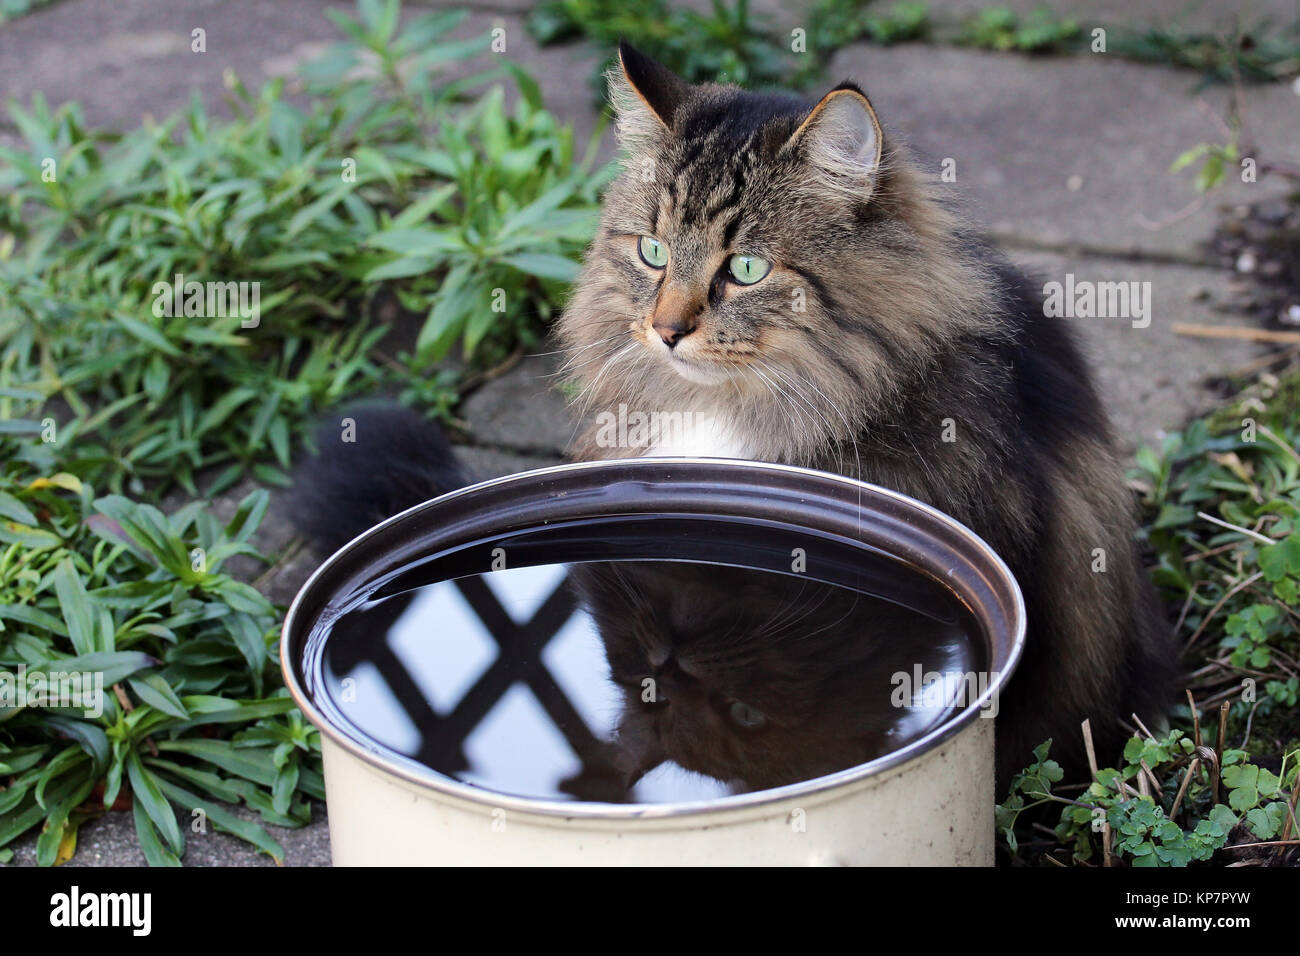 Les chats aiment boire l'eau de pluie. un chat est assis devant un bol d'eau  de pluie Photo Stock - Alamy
================================
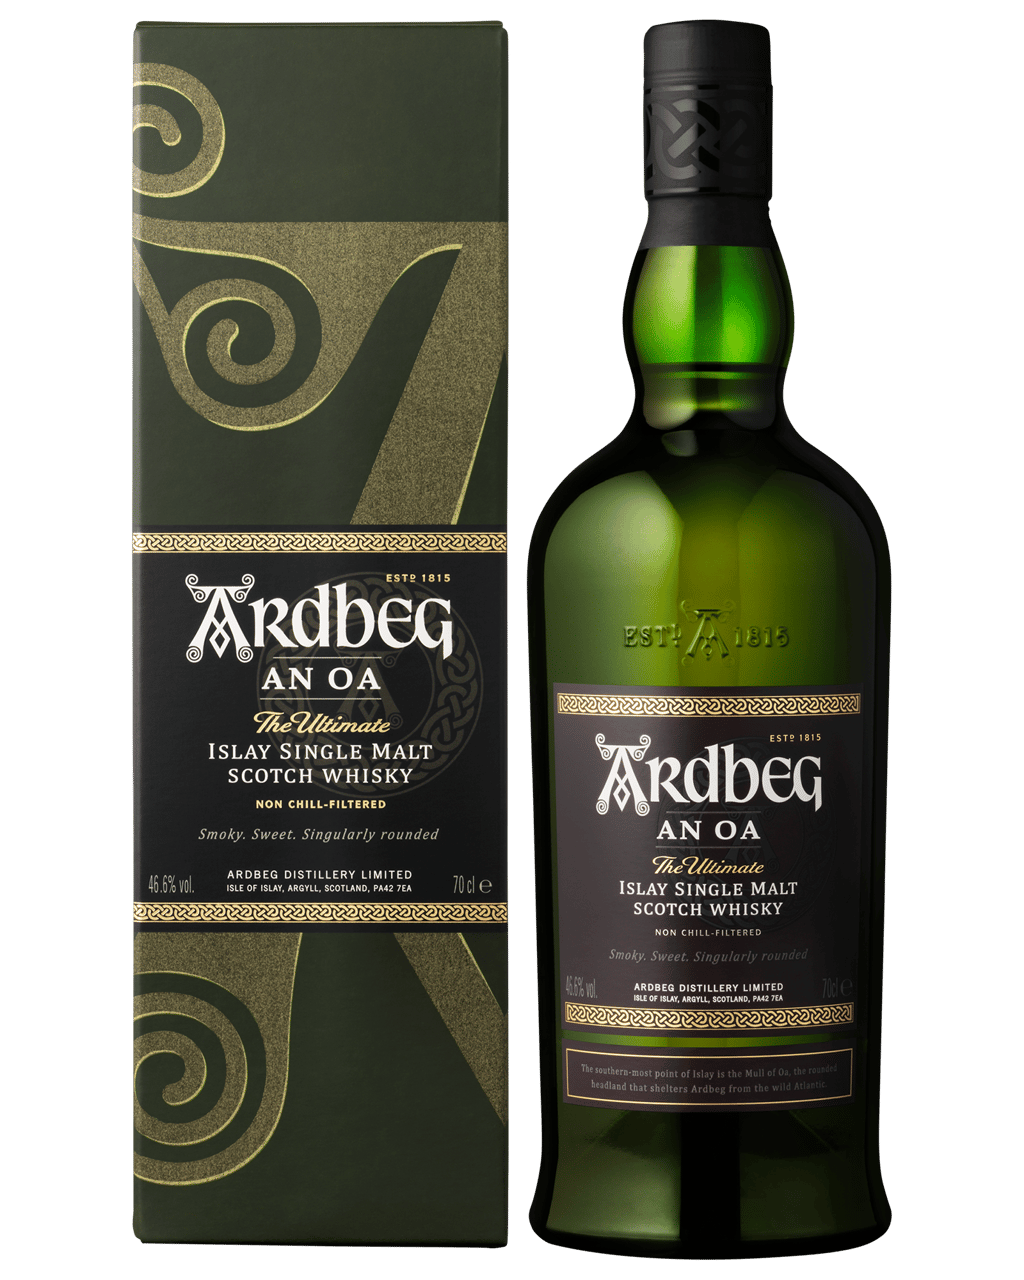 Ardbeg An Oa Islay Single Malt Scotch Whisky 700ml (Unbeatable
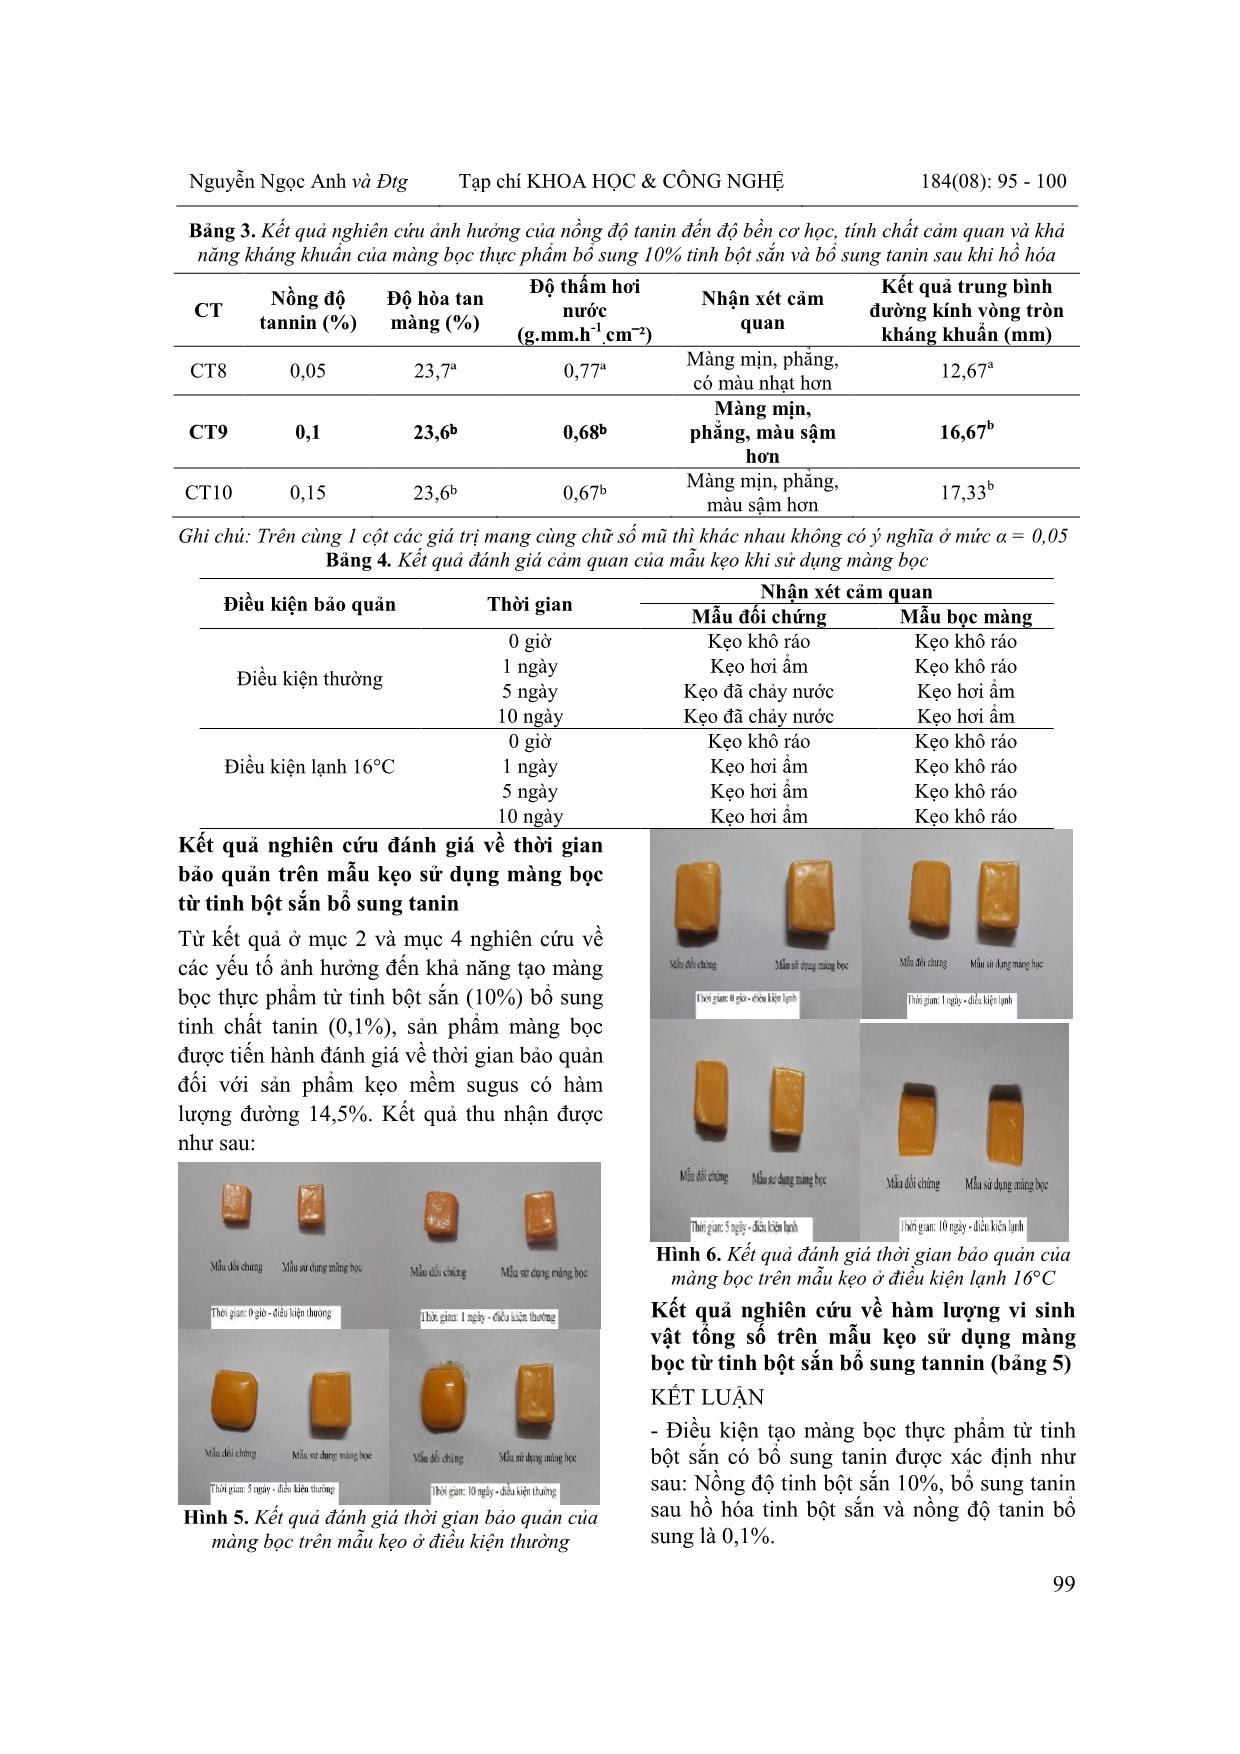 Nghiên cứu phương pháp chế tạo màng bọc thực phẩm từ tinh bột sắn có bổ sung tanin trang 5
================================
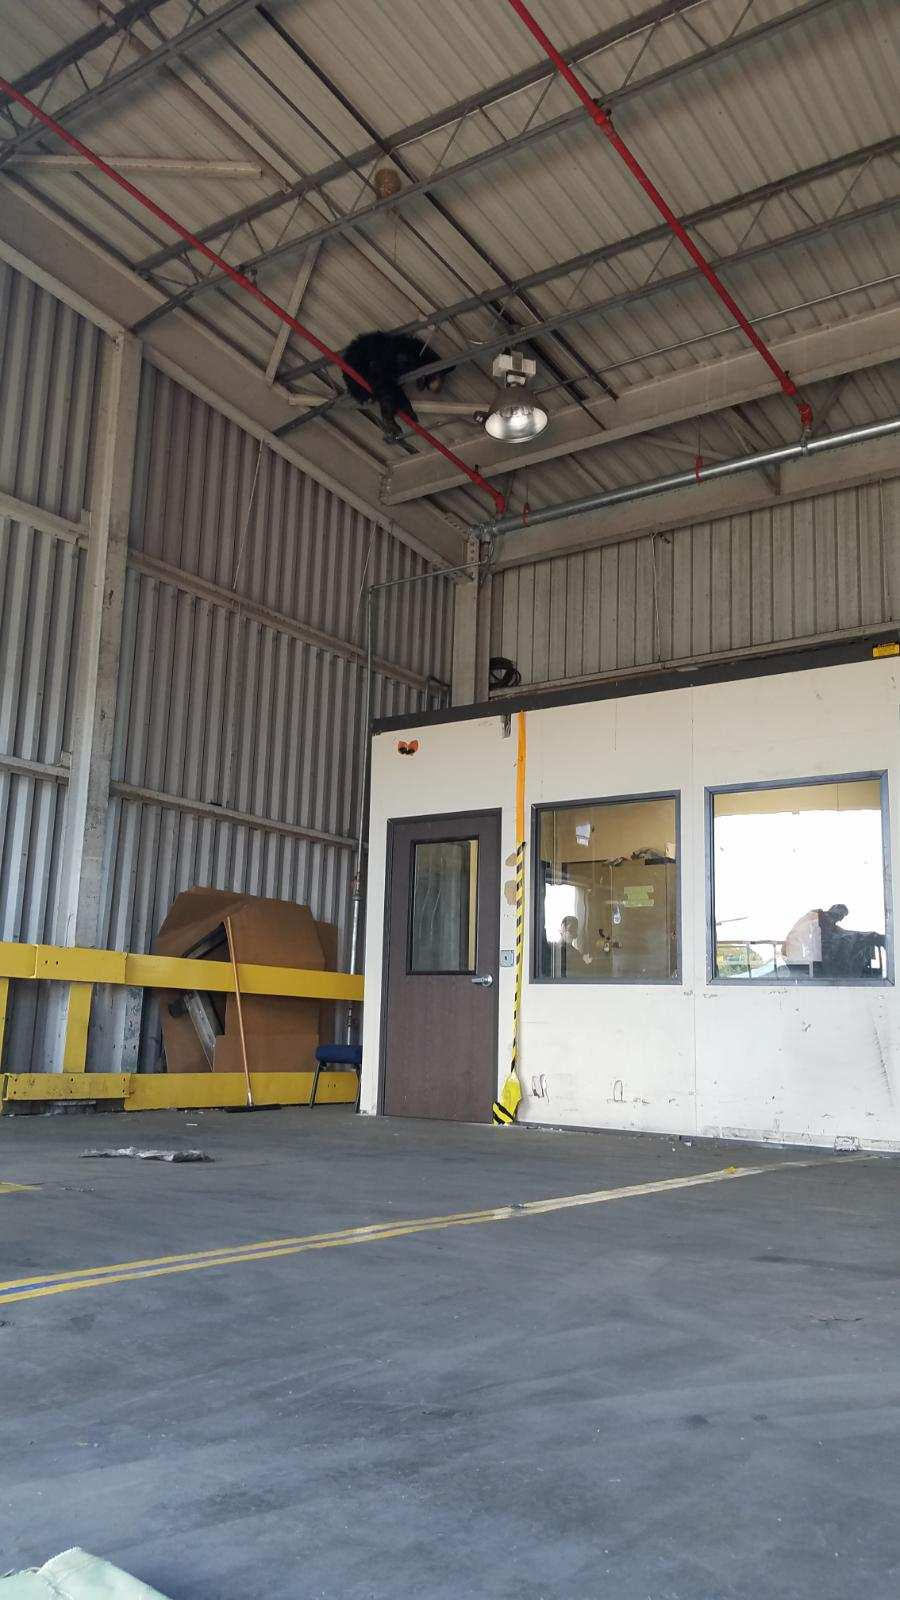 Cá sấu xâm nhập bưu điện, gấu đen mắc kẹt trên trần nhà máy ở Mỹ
================================
• **Assignment**:
When you reach the line holding "Ardbeg An Oa" in the listing above, begin retyping exactly, and stop once the line holding "Nghiên cứu phương" is done; pictures stay out.

• **Completed task**:
 Ardbeg An Oa Islay Single Malt Scotch Whisky 700ml (Unbeatable
 Nghiên cứu phương pháp chế tạo màng bọc thực phẩm từ tinh bột sắn có bổ sung tanin trang 5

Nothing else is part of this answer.